- Zawój
- Coordinates: 49°16′N 22°27′E﻿ / ﻿49.267°N 22.450°E
- Country: Poland
- Voivodeship: Subcarpathian
- County: Lesko
- Gmina: Cisna

= Zawój =

Zawój is a village in the administrative district of Gmina Cisna, within Lesko County, Subcarpathian Voivodeship, in south-eastern Poland, close to the border with Slovakia.

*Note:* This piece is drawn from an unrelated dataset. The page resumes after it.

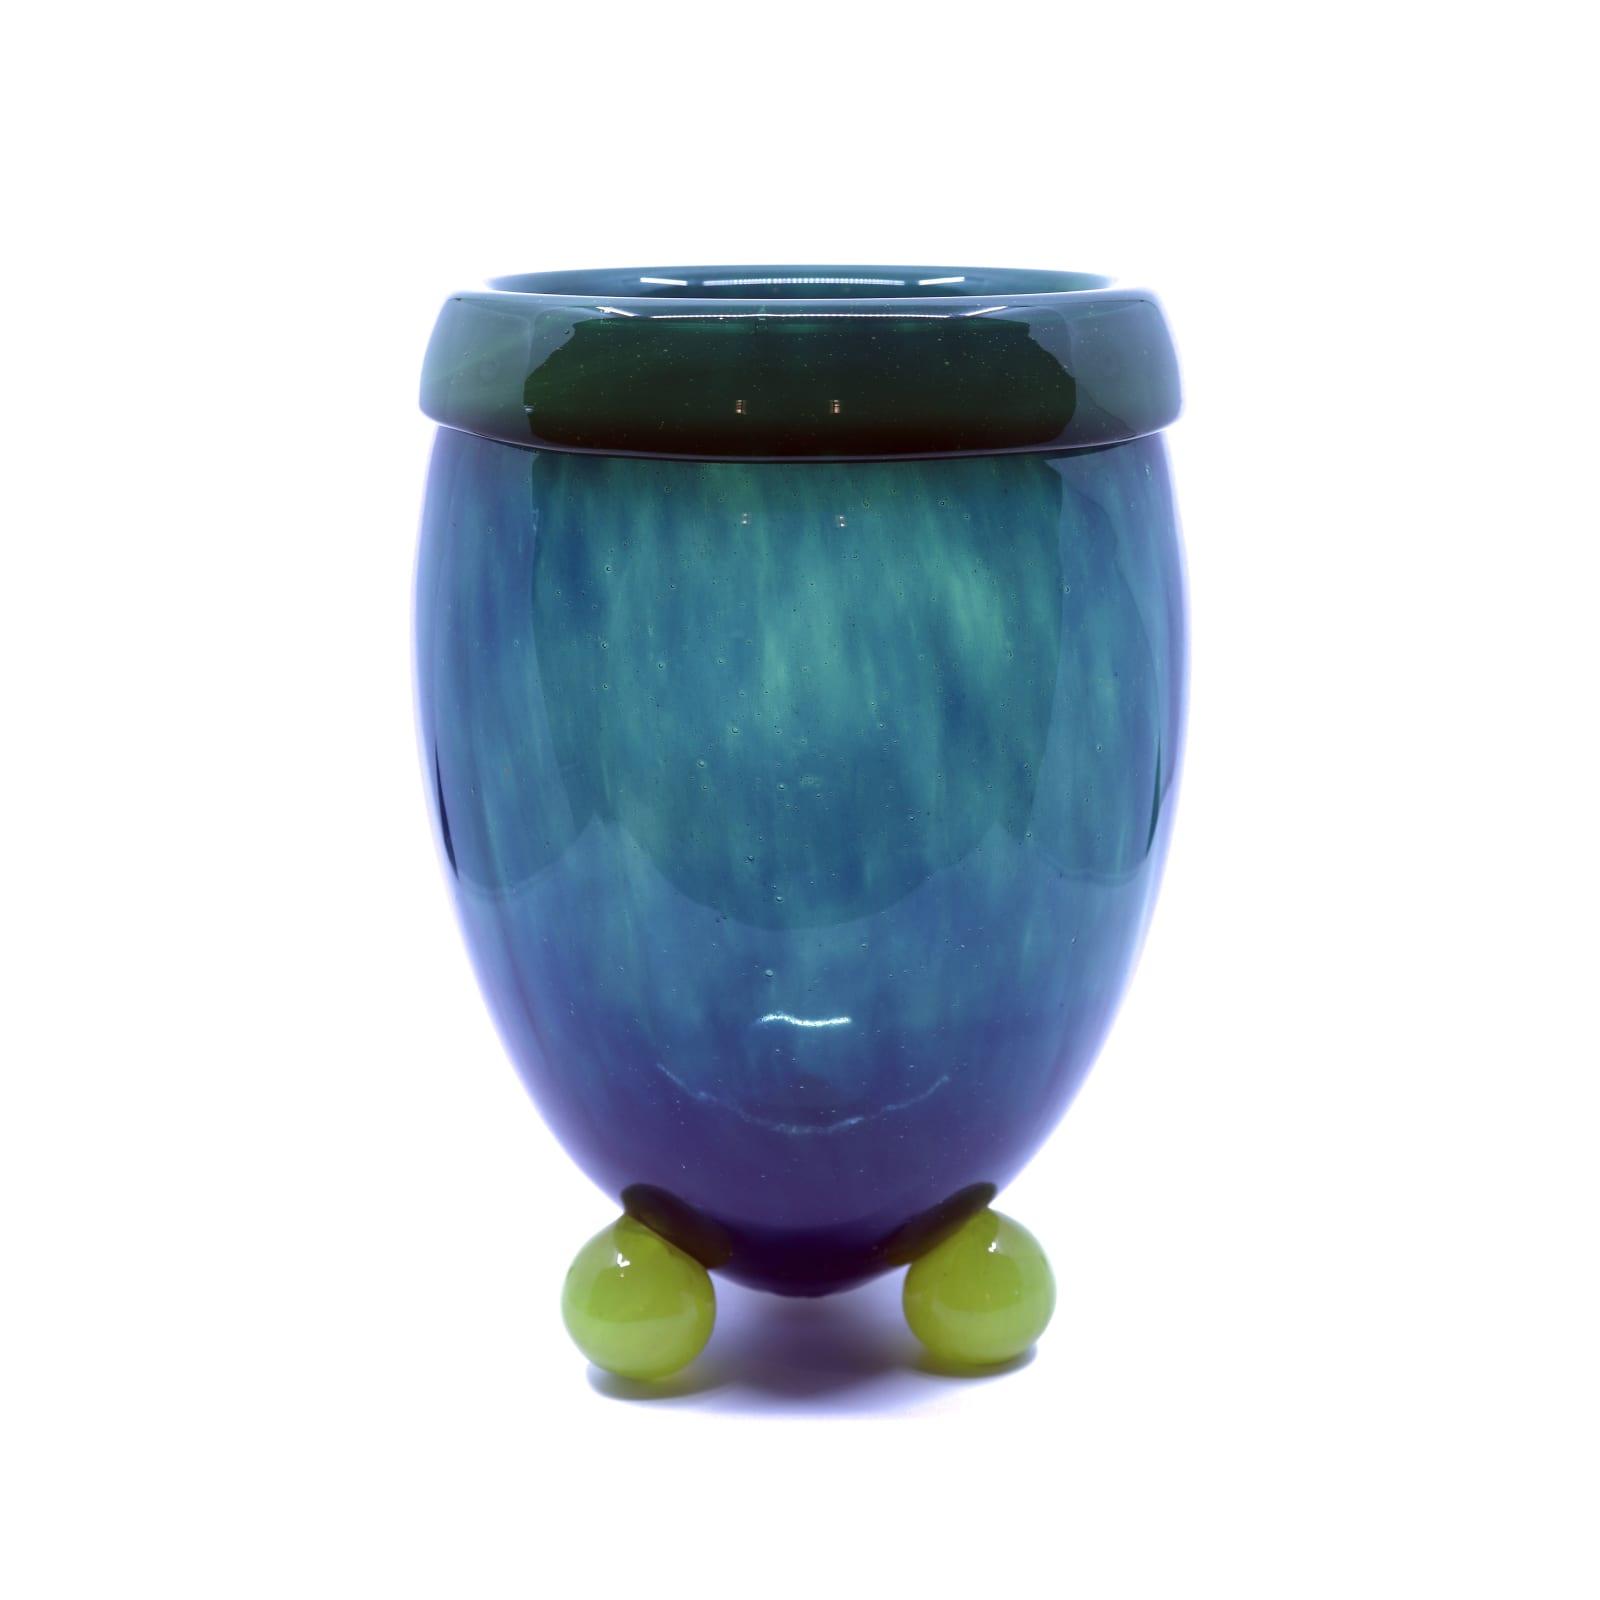 Charles Schneider Art Deco glass vase France, 1925

The historical path "Bieszczady Odnalezione", opened on June 14, 2012, runs through Zawoya, leading through the villages of Yavorzec, Luh and Zawoya, which no longer exists. On its route there are bilingual plaques (in Polish and Ukrainian), indicating the boundaries of the villages, places left by Orthodox churches, cemeteries, wells with reconstructed sumps and cranes (visible along the road from Polanki to Kalnica) and cellars of former houses, as well as accounts collected by the Association for the Development of Wetlina and the Surrounding Area of the accounts of former residents of these villages, forcibly displaced in 1945–1947. Delineation of the historical path was intended to save from oblivion the last traces of former residents (Ukrainians, Poles and Jews) and to honor the memory of all those who had to leave their homes in the spring of 1947.